BACKGROUND: In Nigeria, the shortage of health workers is worst at the primary health care (PHC) level, especially in rural communities. And the responsibility for PHC - usually the only form of formal health service available in rural communities - is shared among the three tiers of government (federal, state, and local governments). In addition, the responsibility for community engagement in PHC is delegated to community health committees. OBJECTIVE: This study examines how the decentralisation of health system governance influences retention of health workers in rural communities in Nigeria from the perspective of health managers, health workers, and people living in rural communities. DESIGN: The study adopted a qualitative approach, and data were collected using semi-structured in-depth interviews and focus group discussions. The multi-stakeholder data were analysed for themes related to health system decentralisation. RESULTS: The results showed that decentralisation influences the retention of rural health workers in two ways: 1) The salary of PHC workers is often delayed and irregular as a result of delays in transfer of funds from the national to sub-national governments and because one tier of government can blame failure on another tier of government. Further, the primary responsibility for PHC is often left to the weakest tier of government (local governments). And the result is that rural PHC workers are attracted to working at levels of care where salaries are higher and more regular - in secondary care (run by state governments) and tertiary care (run by the federal government), which are also usually in urban areas. 2) Through community health committees, rural communities influence the retention of health workers by working to increase the uptake of PHC services. Community efforts to retain health workers also include providing social, financial, and accommodation support to health workers.
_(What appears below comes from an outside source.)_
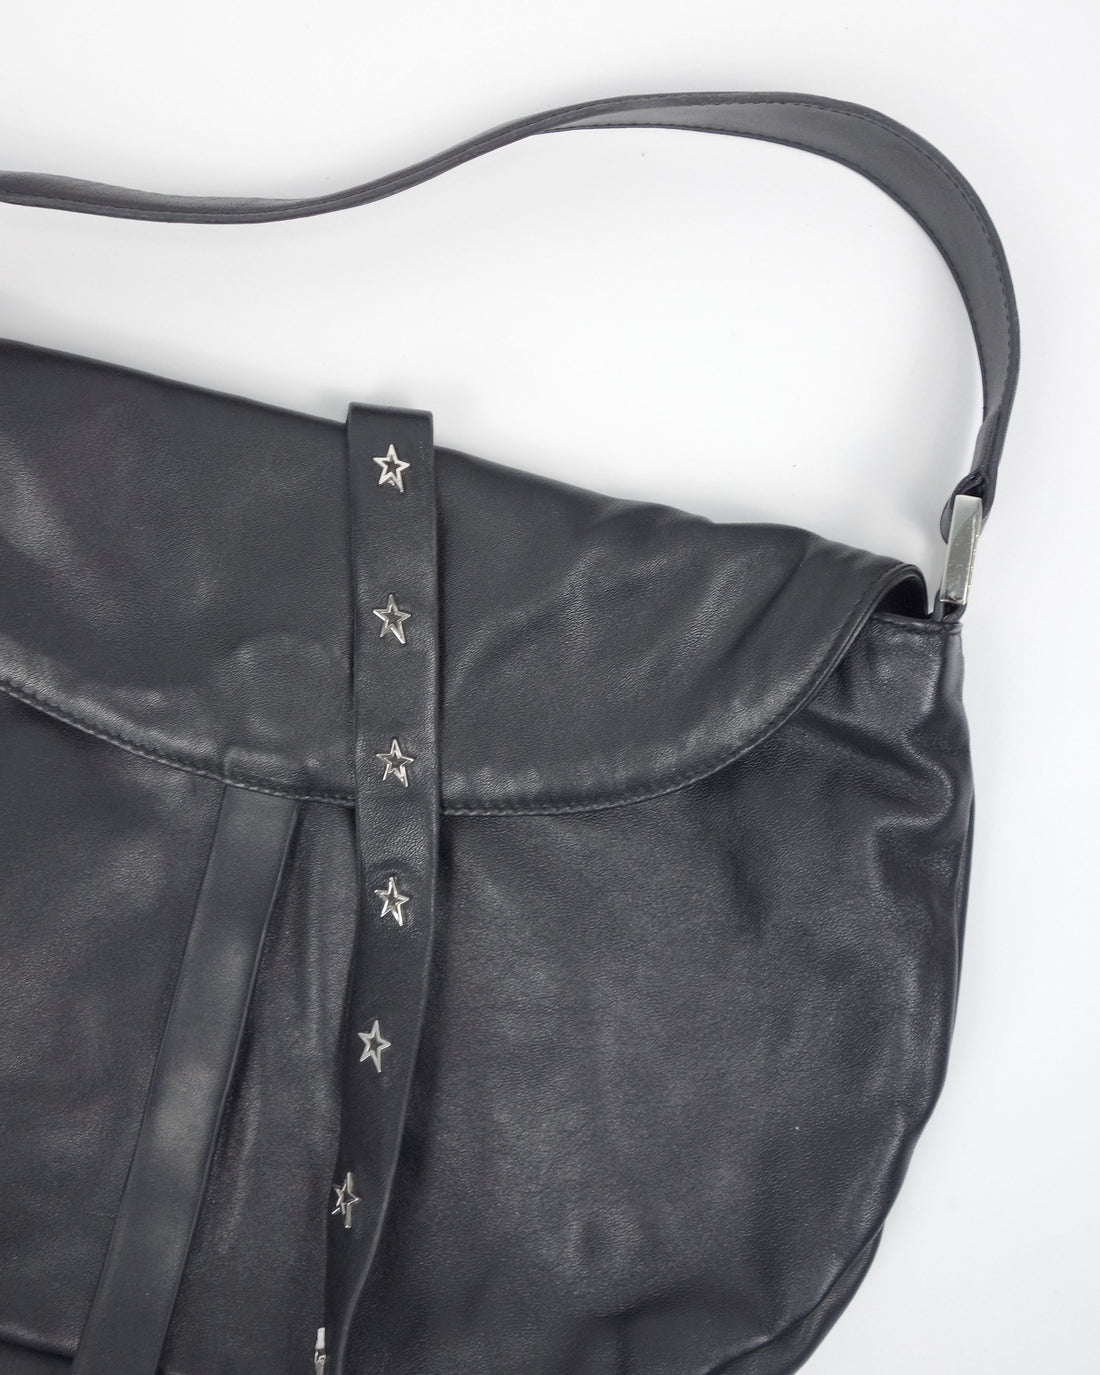 Mugler Black Leather Soft Bag 2000's

To encourage health workers to stay, communities also take the initiative to co-finance and co-manage PHC services in order to ensure that PHC facilities are functional. CONCLUSIONS: In Nigeria and other low- and middle-income countries with decentralised health systems, intervention to increase the retention of health workers in rural communities should seek to reform and strengthen governance mechanisms, using both top-down and bottom-up strategies to improve the remuneration and support for health workers in rural communities.


Assuntos
Serviços de Saúde Comunitária/organização & administração , Admissão e Escalonamento de Pessoal/organização & administração , Política , Atenção Primária à Saúde/legislação & jurisprudência , Serviços de Saúde Rural/organização & administração , Governo Federal , Grupos Focais , Humanos , Governo Local , Nigéria , População Rural , Governo Estadual , Recursos Humanos
SELEÇÃO DE REFERÊNCIAS
DETALHE DA PESQUISA
...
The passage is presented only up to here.